▸ ABOUT THIS EXERCISE
Would you please return the data below verbatim, without its pictures?
BEGIN AVAILABLE DATA
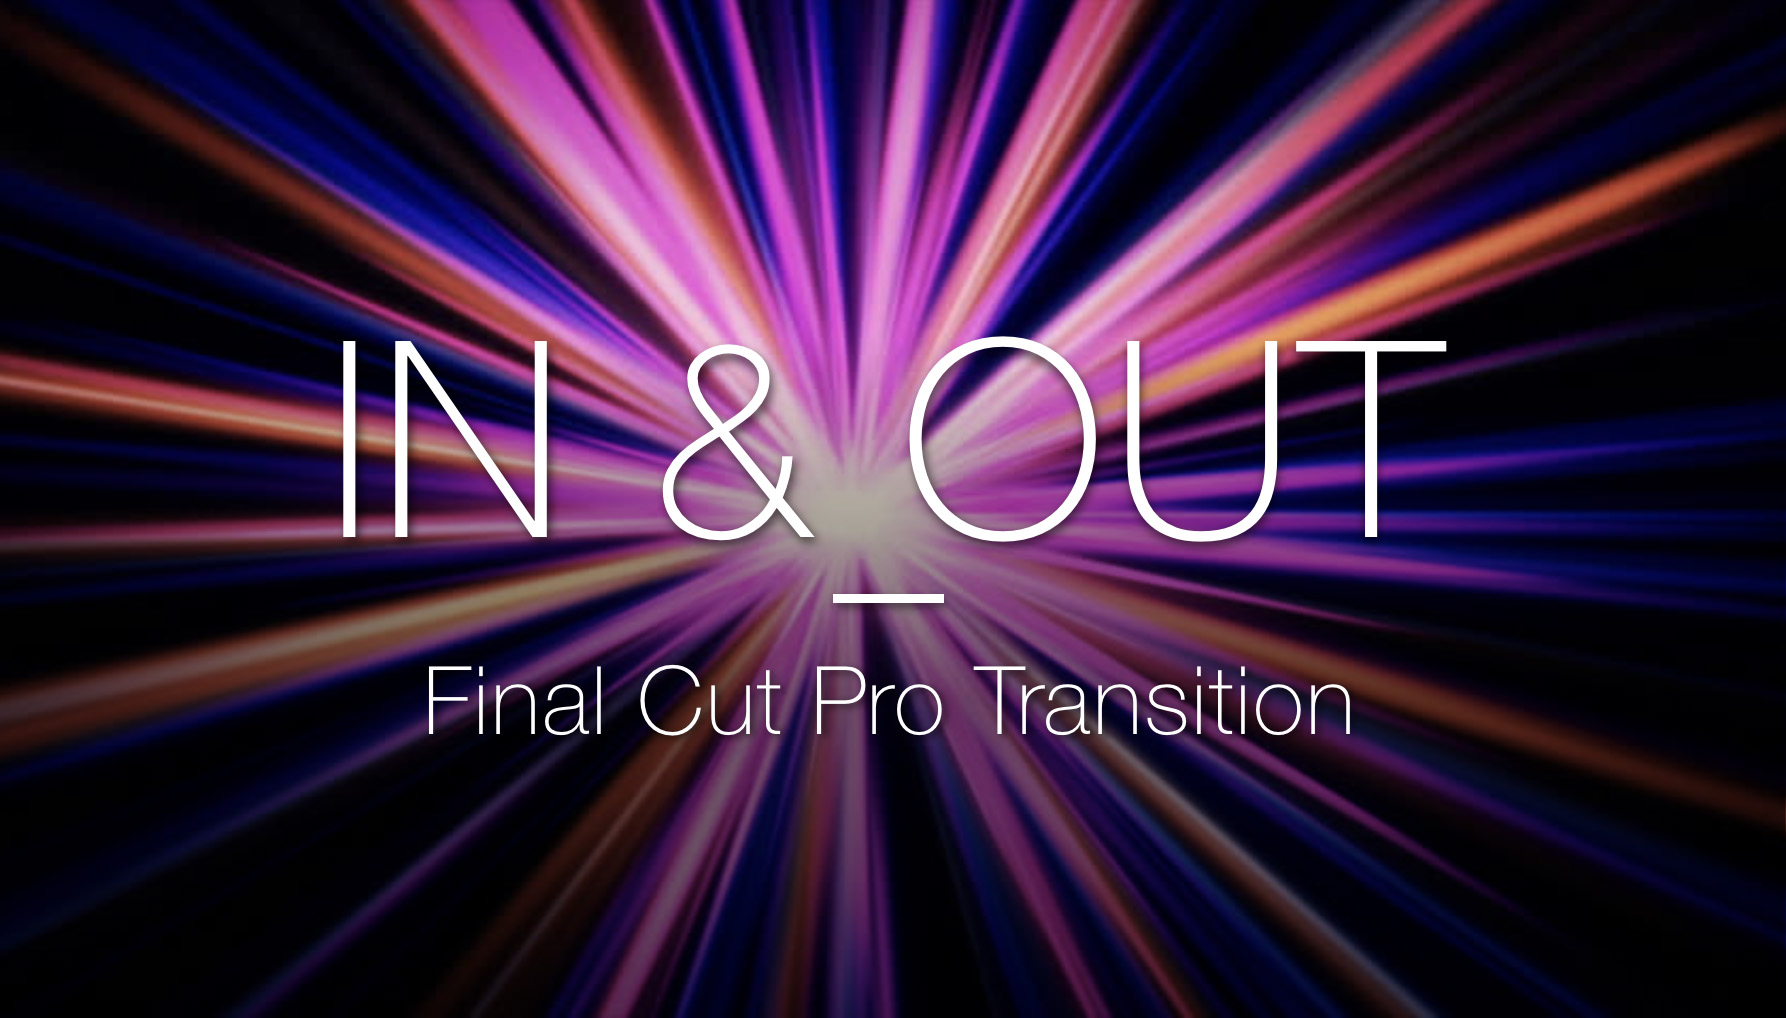 final cut pro transition free
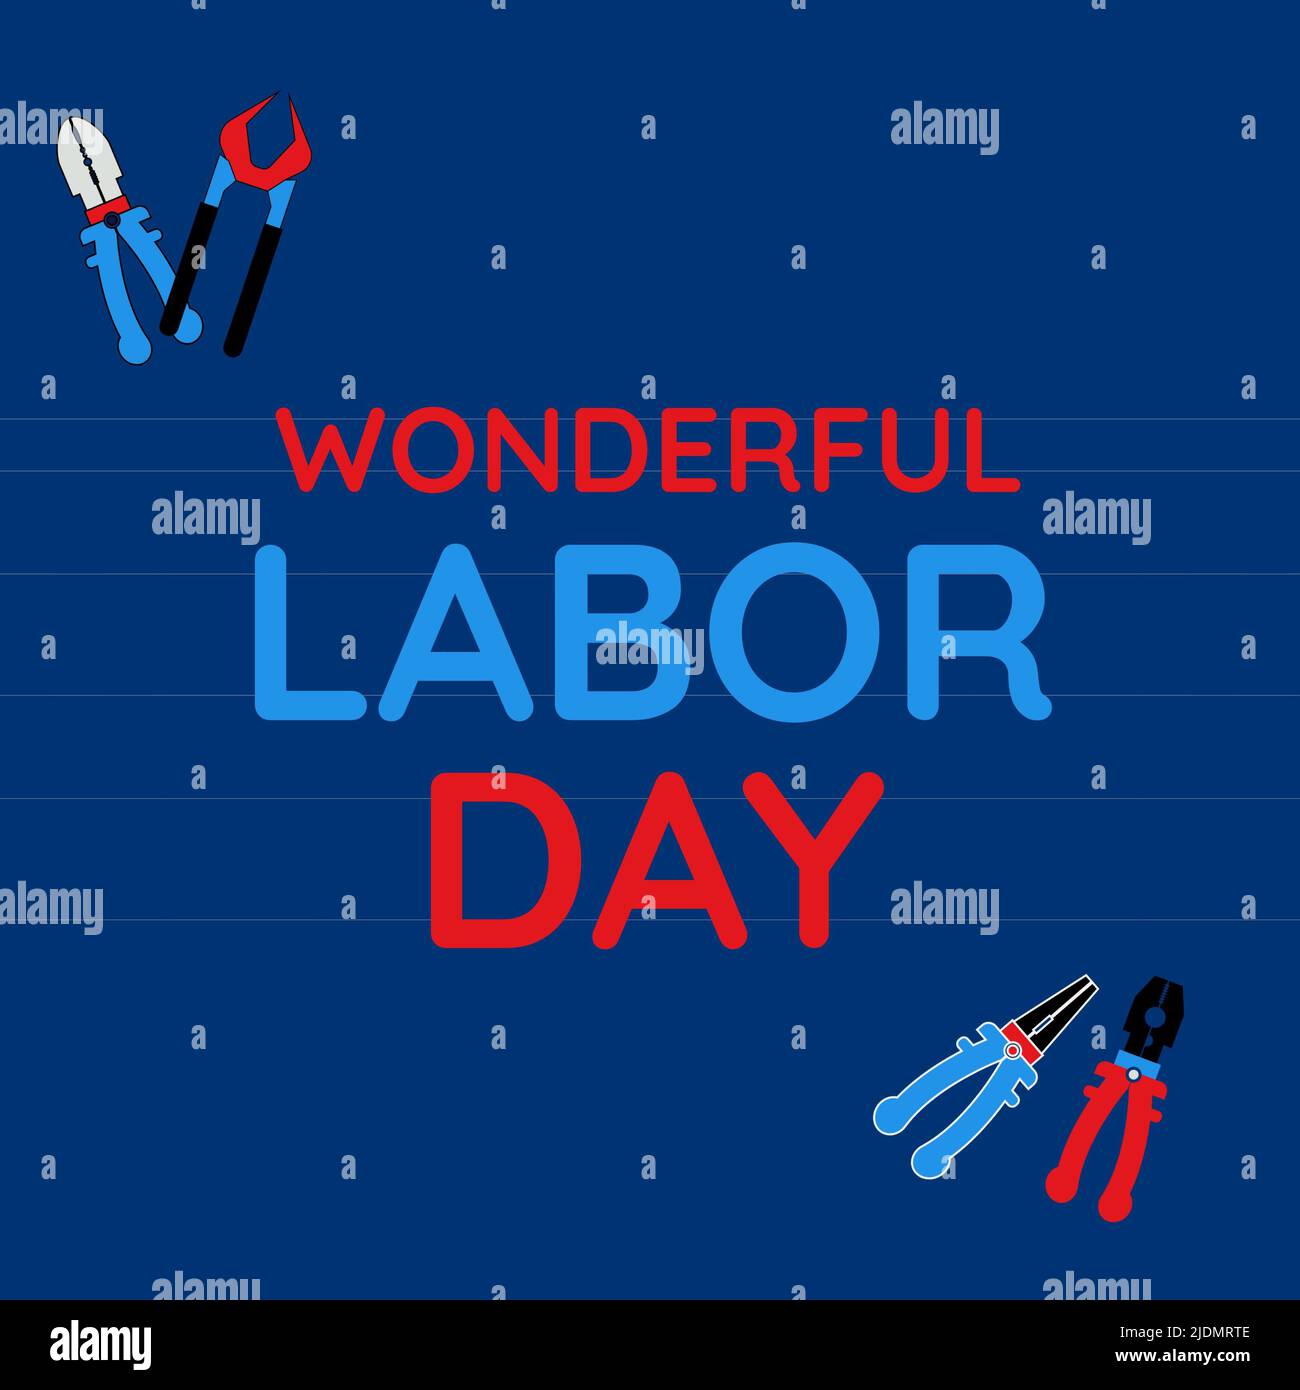 Illustratives Bild von wunderbaren Labor Day Text mit verschiedenen Handwerkzeugen vor blauem Hintergrund Stockfoto
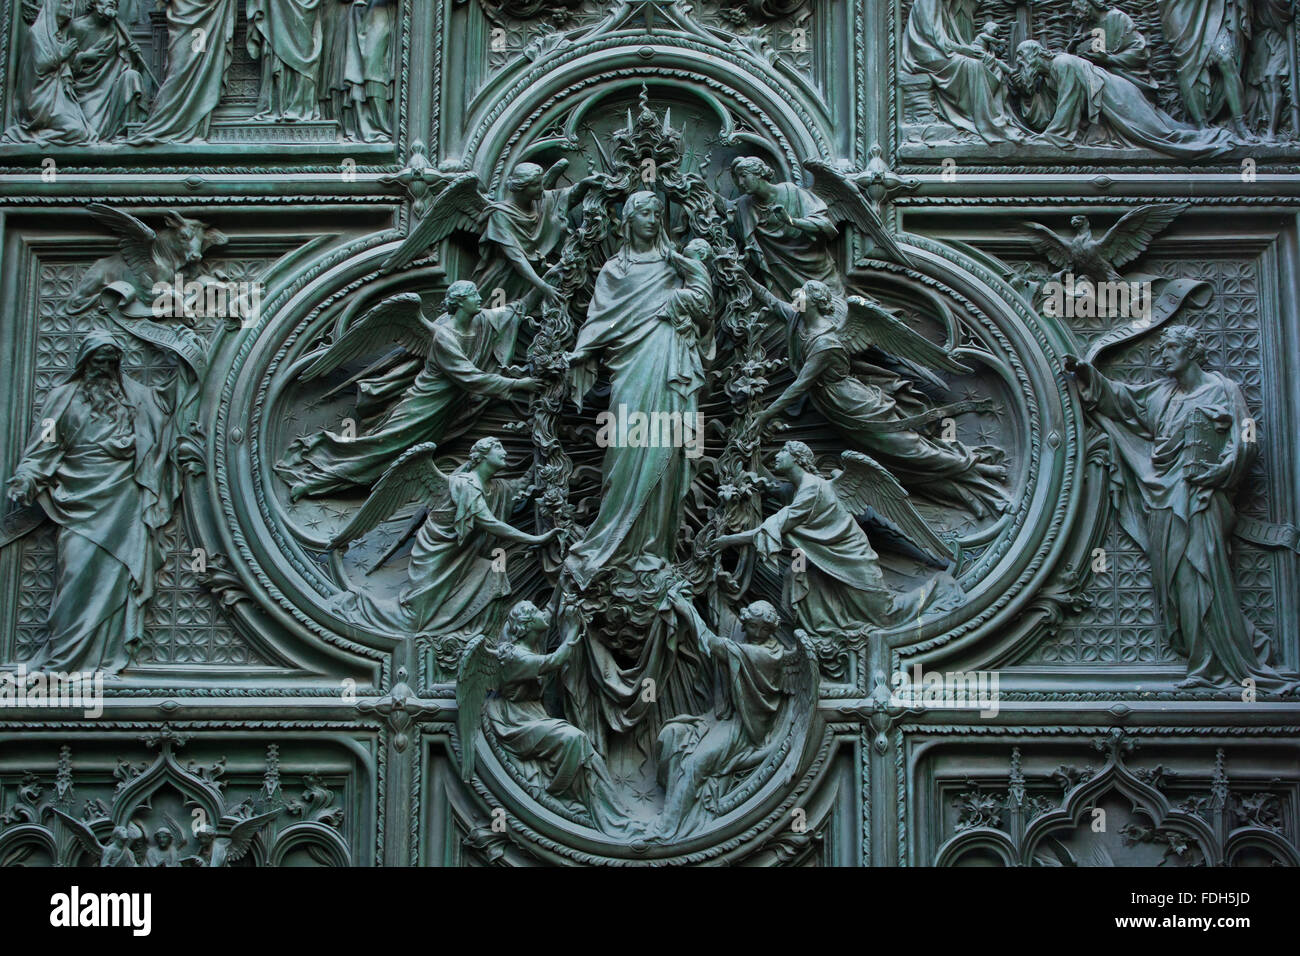 La asunción de la Virgen María. Detalle de la principal puerta de bronce de la catedral de Milán (Duomo di Milano) en Milán, Italia. Evangeli Foto de stock
END AVAILABLE DATA
▸ ANSWER TO THE PROBLEM
 final cut pro transition free
 Illustratives Bild von wunderbaren Labor Day Text mit verschiedenen Handwerkzeugen vor blauem Hintergrund Stockfoto
 La asunción de la Virgen María. Detalle de la principal puerta de bronce de la catedral de Milán (Duomo di Milano) en Milán, Italia. Evangeli Foto de stock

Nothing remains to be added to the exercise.